Most people who feel that physics is difficult don’t see the sense of "following nature's choice", I guess.
Also, some of people who study literature said, “The curriculum of physics is the same for the freshman, the sophomore, the junior, and senior. Don’t the students learn any new things in each year?”
This is the fact that the physics students have to learn the same subjects repeatedly even in the graduate school, such as, mechanics, electromagnetism, thermal and statistical mechanics, and quantum mechanics. But the contents for each year are obviously different.
Basic principles and equations are of course the same, but as each grade progresses, we have to deal with more complicated problems. If it gets complicated, the students have to learn more advanced mathematics and the abstract concepts. Therefore, it is hard for students to master the specific subject in one or two years.

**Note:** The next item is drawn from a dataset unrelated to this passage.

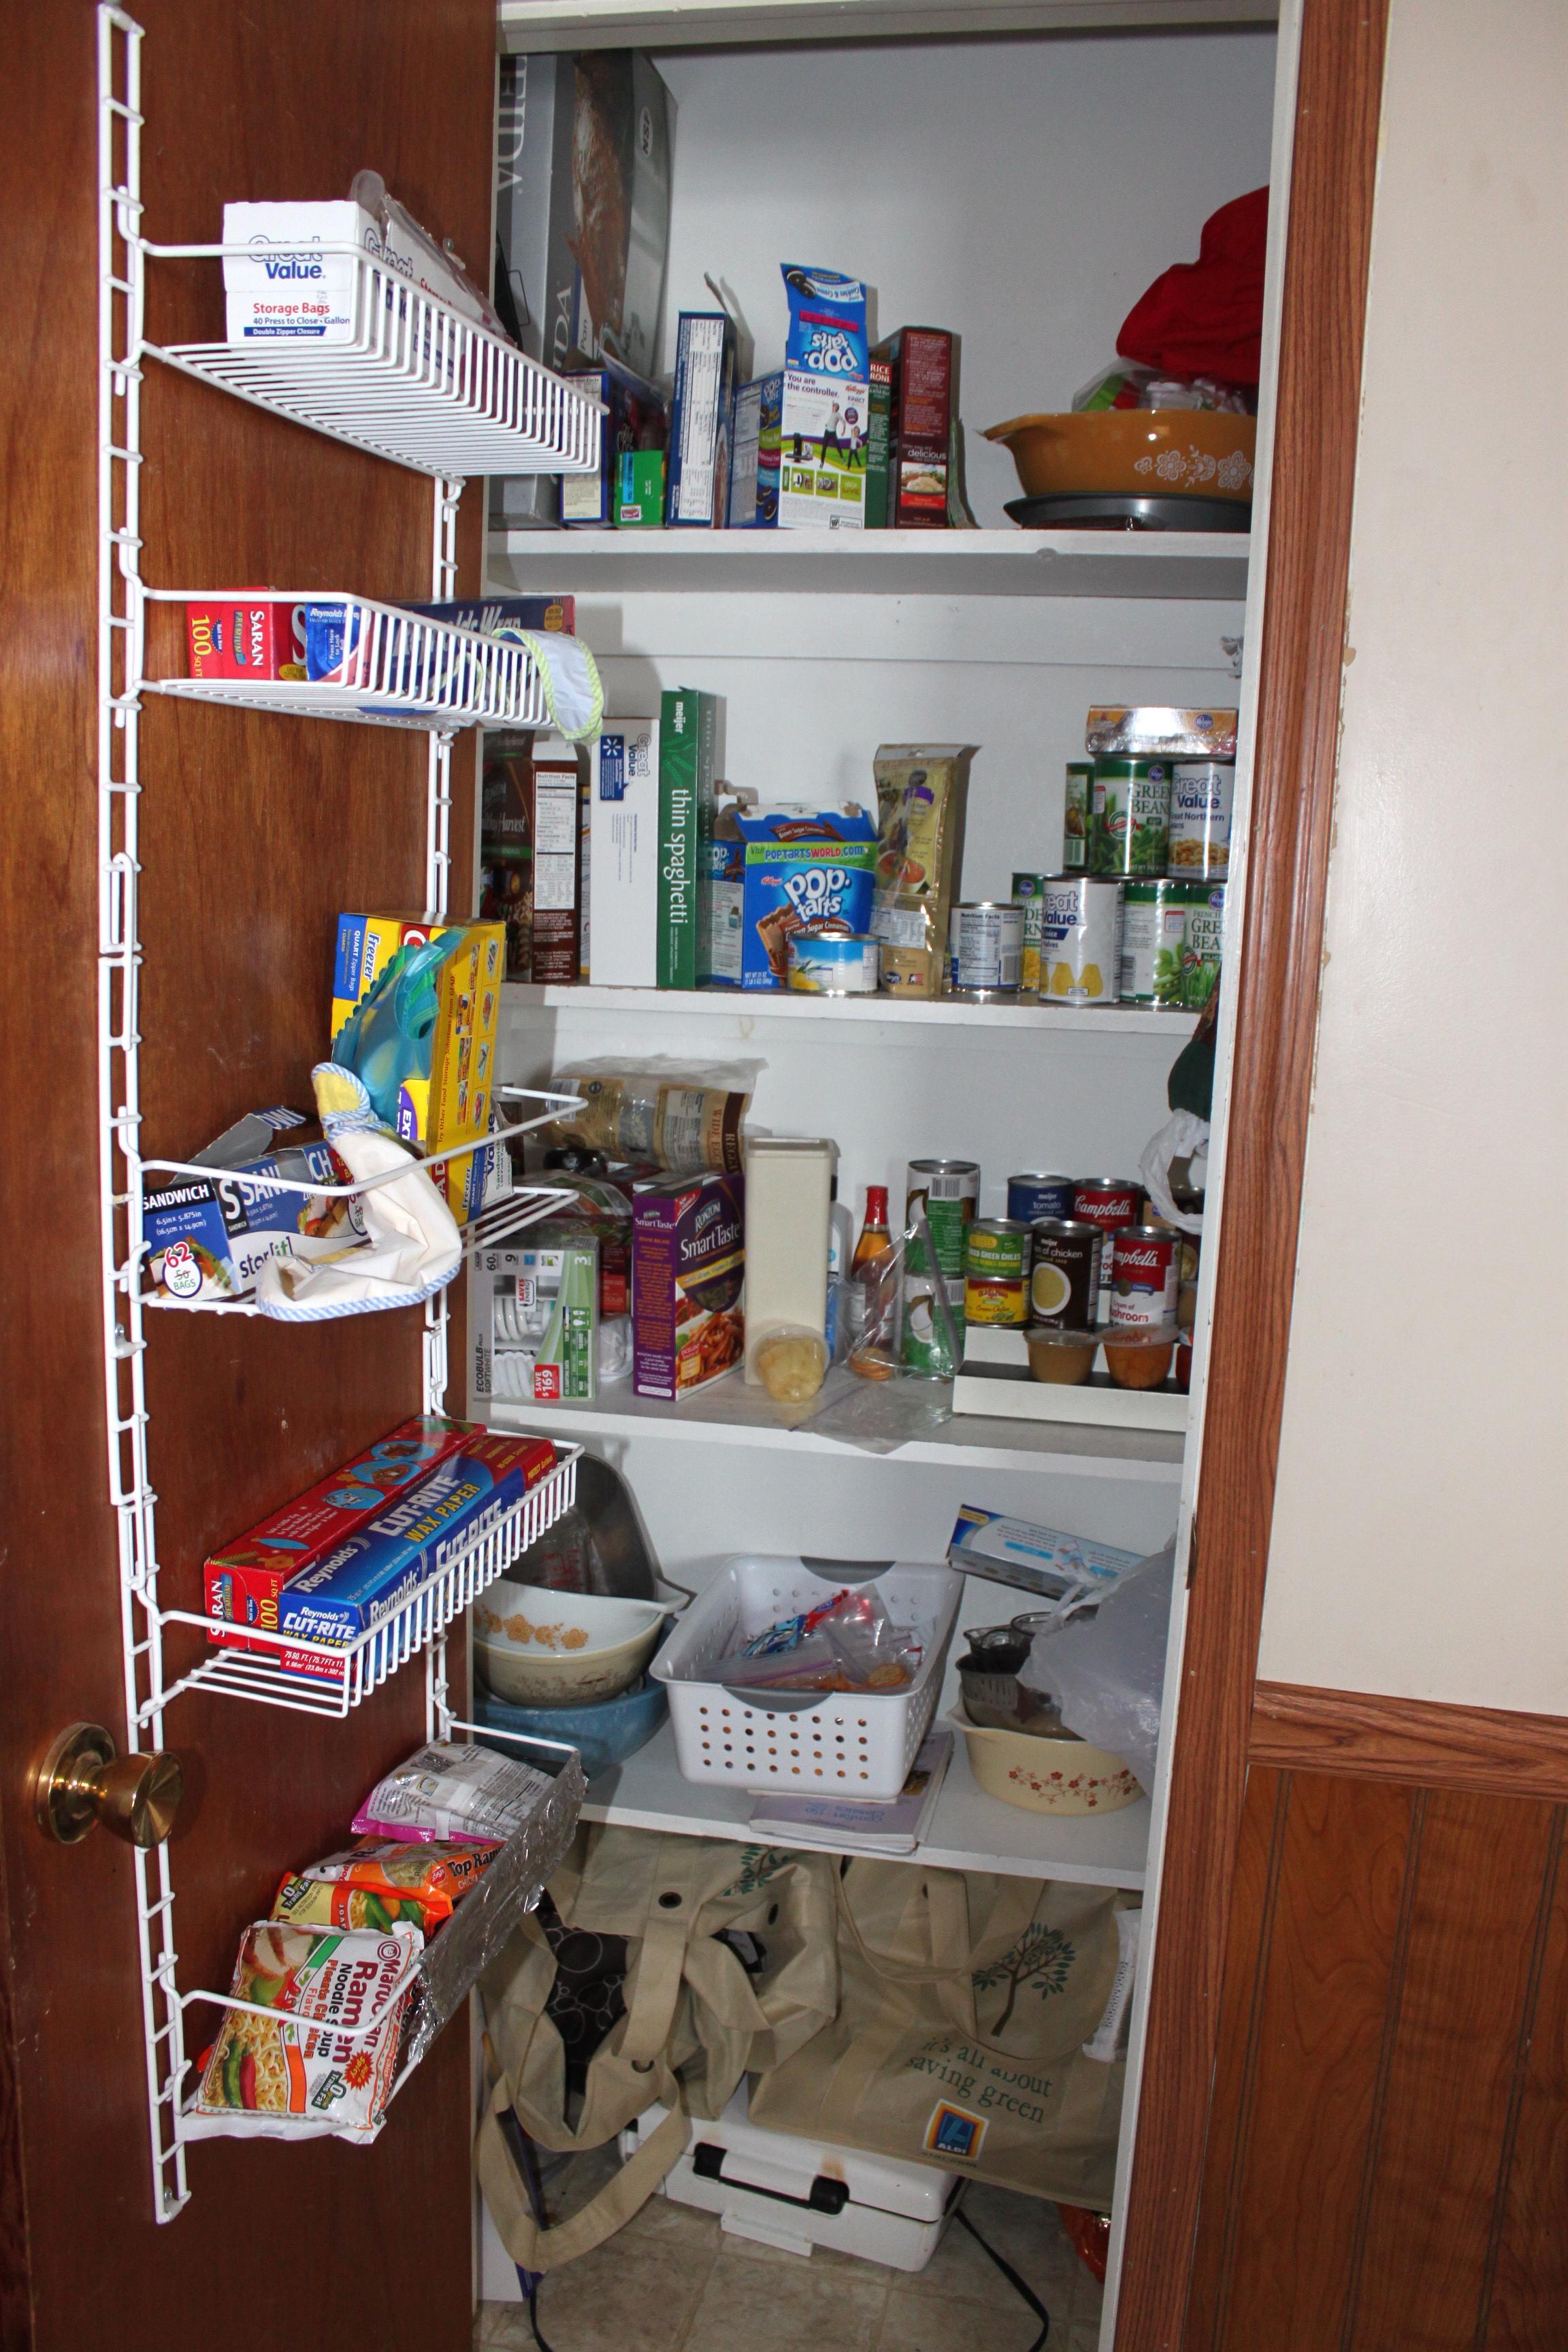 Becoming More Domestic Becoming More Domestic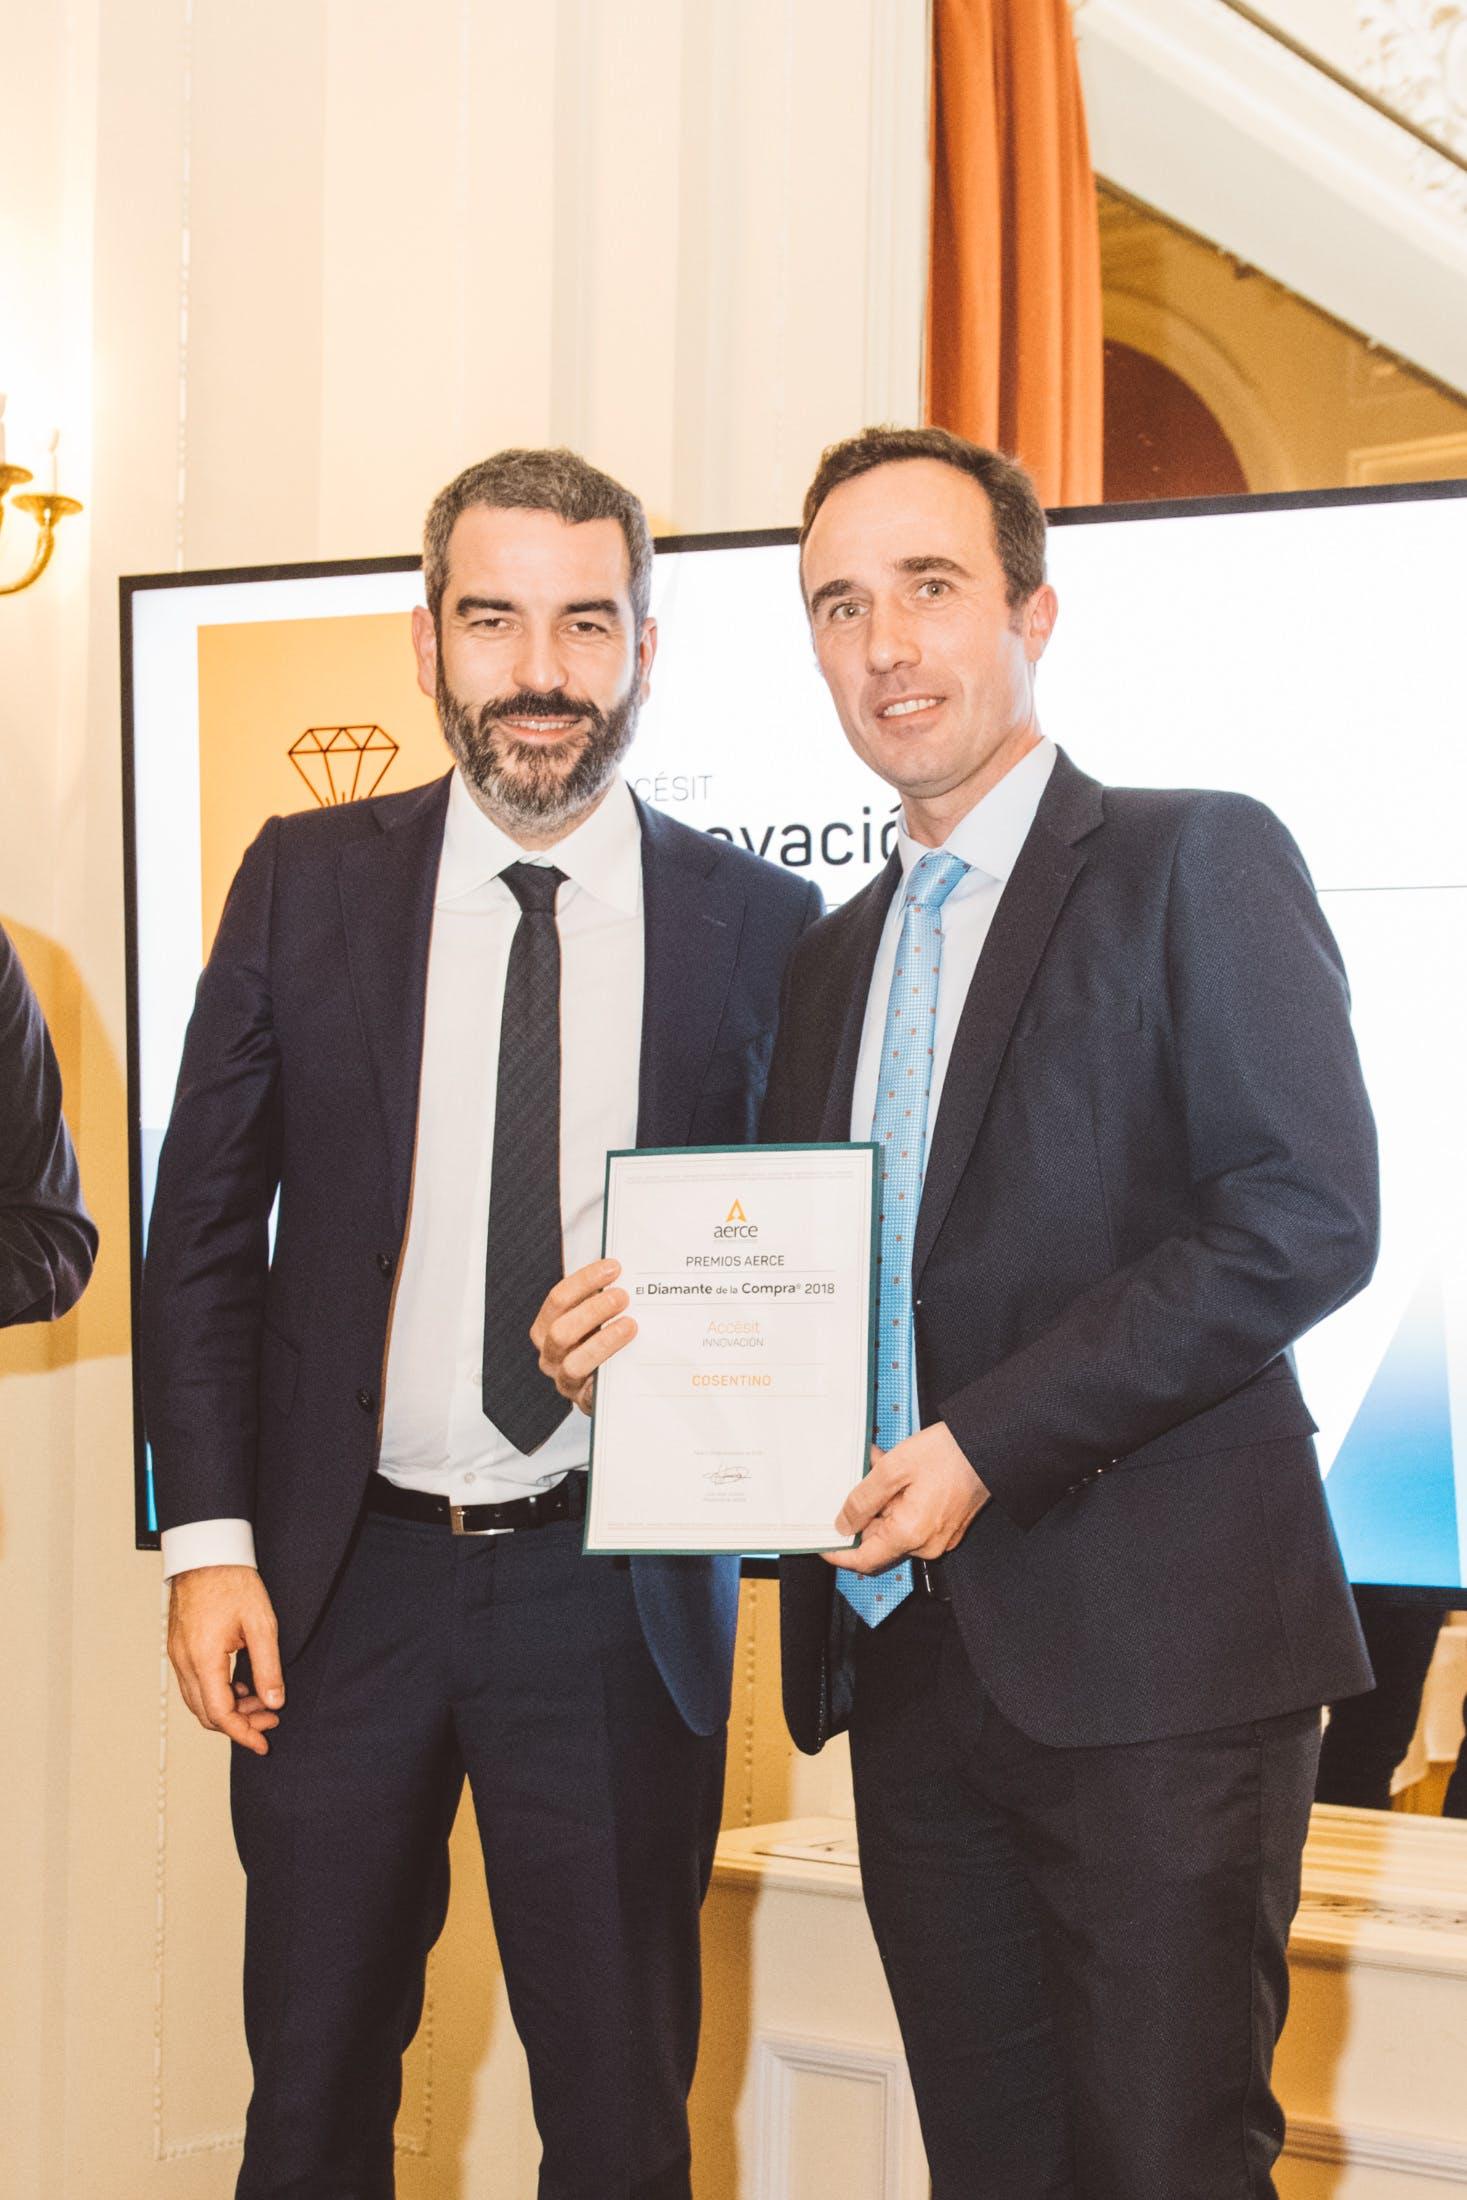 Image of Cosentino Premios Aerce Premiosdiamante 1 in Cosentino Purchasing department honoured twice - Cosentino

Although it is true for other natural sciences and mathematics, physics requires accurate processes as important as the accurate final result. This is because if the conditions change, it will give us a completely different answer. But there is also other reason.
The process or the way of solving is also an invention of a very important tool for physics.
Some people say, "If you get the same answer anyway, you can use any method you like." However, by using a different method, we can check various things. In addition, we might solve other problem settings we could not even attempt before.
Hope you would appreciate the role of physics, natural sciences and mathematics, which each discovery or invention is very important and influential to the entire theory.
There are two kinds of force, which are the real force and the fictitious force. In fact, the centrifugal force is NOT a real force, but a fictitious force.
Now you want to say, "When you drive a car during a curve, you actually feel a force outward direction! Isn’t it real?" In fact, this is a force emerged relatively to the centripetal force when turning a curve. Of course, if you stop tracking the curve, you will not feel the “centrifugal force.”
Conversely, if the centrifugal force is really exerting an object or a car, then it moves to the outside of the direction. However, it does not happen in any case.
For instance, as shown in the figure, there is a ball with a certain mass connected to the string. Then, rotate it around the center to make a constant velocity of circular motion. If the centrifugal force is real, the ball jumps out on the outside of the circular orbit when released at B.
But the reality depicts as jumping toward tangential direction as shown in the figure on the right. This is because the centrifugal force is not a real force.
This is the same for a car driving in a curve. When the car goes too fast to turn the curve, the car skids off toward the tangential direction of the curve although we always feel like the car goes off toward perpendicular to the curve’s orbit.
In general, there is another fictitious force other than centrifugal force with a moving object on the Earth. The object looks turning for the outside observer; namely, there appears to be a fictitious force, which is known as the Coriolis force.
As you can see, it does not happen unless the Earth is spinning. Due to the Coriolis force, the hurricanes on the northern hemisphere rotate counter-clockwise.
We can say that the fictitious force is a force generated associated with the correspondent real force or the motion of the reference frame. It is not a force that exists independently.